With Gianluca Vialli at his best, Sampdoria had the most successful era's in its history. Vialli was the league's top scorer with 19 goals in their title win. They also won the UEFA Cup Winners' Cup (1990) – where he scored both goals in the 2–0 win over Anderlecht in the final, and three Italian Cups (in 1985, 1988 and 1989), also setting a record of 13 goals in a single edition of the Coppa Italia during his time at the club.
Sampdoria President Mantovani surprised the football world by signing Liverpool stalwart and captain Graeme Souness in 1984 for a fee of £650,000.
Souness and England international Trevor Francis – a player at the Genoa-based club since 1982 – added experience to an emerging group of future Italian internationals, including Roberto Mancini, Pietro Vierchowod and Gianluca Vialli. In his first season, Sampdoria won the Coppa Italia with a 3–1 victory over AC Milan, securing the trophy for the first time in the club's history.
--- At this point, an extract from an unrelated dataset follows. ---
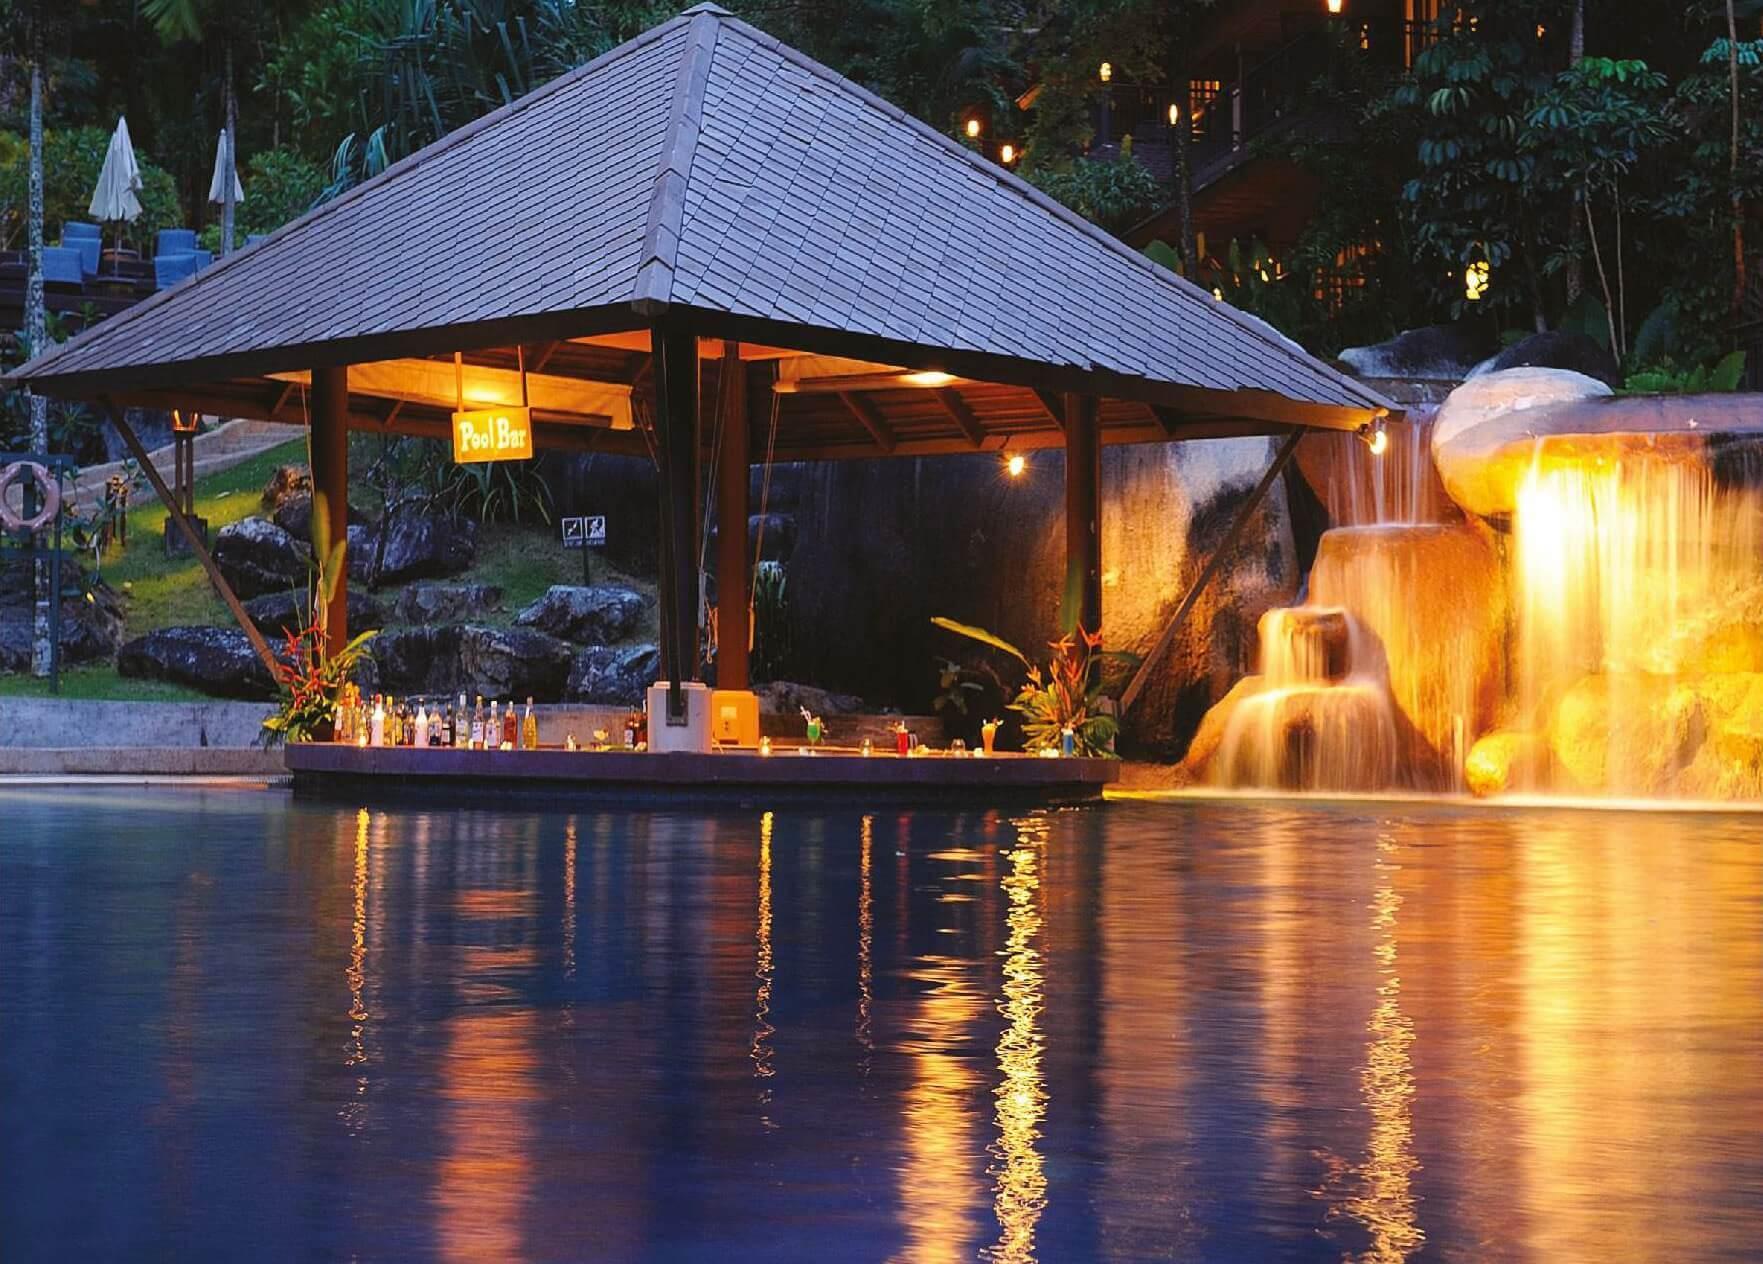 amenities-features-Picture-puravankara-palm-beach-2587791

After his retirement from international football in 1993, Gullit moved to Sampdoria. He was handed the number 4 shirt, as his regular number 10 was occupied by local hero Roberto Mancini. Gullit led the club to victory in the final of the 1994 Italian Cup and scored the winner in a 3-2 league victory over old club Milan as Samp finished a creditable 3rd in Serie A. His performances were so impressive that Milan re-signed him in 1994, but after little playing time he returned to Sampdoria to finish the 1995 season.
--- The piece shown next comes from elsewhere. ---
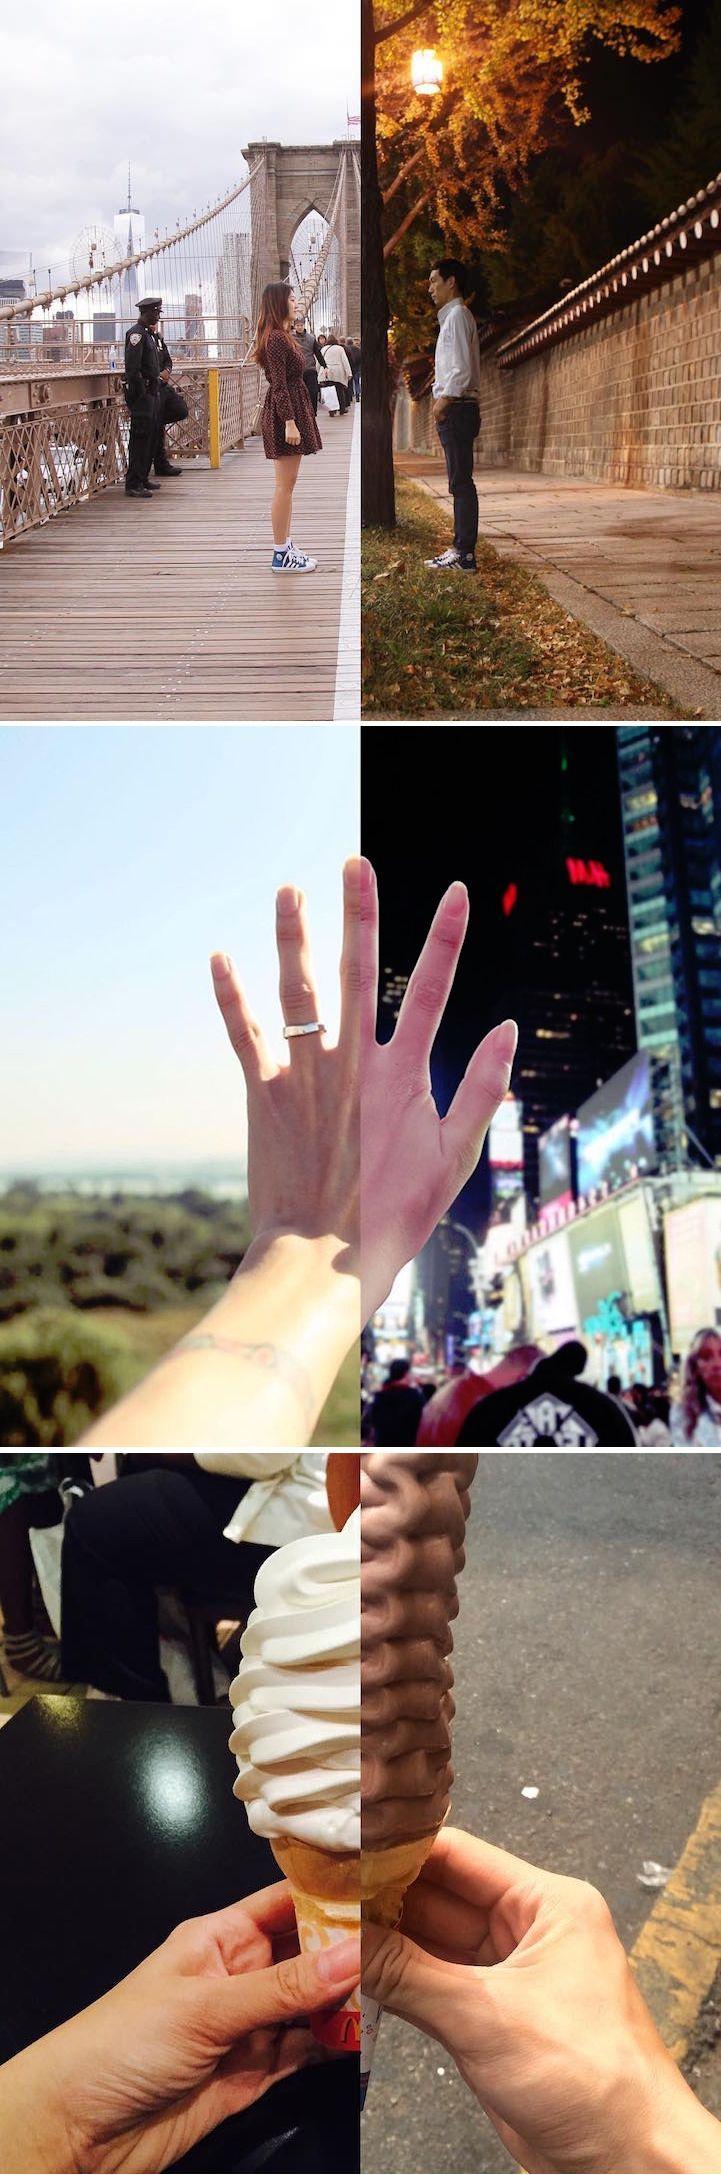 Long Distance Couple Stays Connected through Split Portraits of Parallel Experiences

Roberto Mancini debuted in the Italian Serie A for Bologna in 1981. The following year, he was bought by Sampdoria, for £2.2 million, whom he played for until 1997. With Sampdoria, he formed a dynamic strike partnership with Gianluca Vialli, and helped the club to its only league title in 1991, four Coppa Italias and a Cup Winners' Cup in 1990. He also appeared in the final of the 1992 European Cup against Barcelona.
At 27, Mancini sat on the interview panel that selected Sven-Göran Eriksson as manager. Mancini often delivered the team-talk for Sampdoria. He attended board meetings and had a say in transfer business. At that stage Mancini had established himself as the most powerful voice in the Blucerchiati dressing room.
A domestic league has surely never been as superior as Serie A in the late 80s and early 90s. It was so seductively chic that the world's best players flocked to Italy including the likes of Maradona, van Basten and Francescoli. Goals may have been at a premium but the entertainment was of a subtler kind. Serie A wowed its disciples with an intimidatingly high technical and tactical quality.
It is in this context that we must understand Sampdoria's first and only scudetto in 1990-91, one of football's great modern fairytales, was a gloriously improbable triumph.
At Sampdoria Gianluca Vialli formed a prolific strike partnership with team mate and childhood friend Roberto Mancini, earning the nickname The Terrible Twins.
They complemented each other perfectly: Vialli was ruthless, powerful and irrepressible while the impish genius that was Mancini made mischief in the hole behind him.
Unione Calcio Sampdoria is based in Genoa. The club was formed in 1946 from the merger of two existing sports clubs whose roots can be traced back to the 1890s, Sampierdarenese and Andrea Doria.
Sampdoria play at Stadio Luigi Ferraris, which it shares with Genoa's other club, Genoa CFC. The derby between the two teams is commonly known as the Derby della Lanterna.
'I Blucerchiati', the blue-ringed, have won the scudetto only once in their history, in 1991. Their biggest European success came when they won the Cup Winners' Cup a year earlier. They also reached the European Cup final in 1992 only to lose against Barcelona, 1–0 after extra time.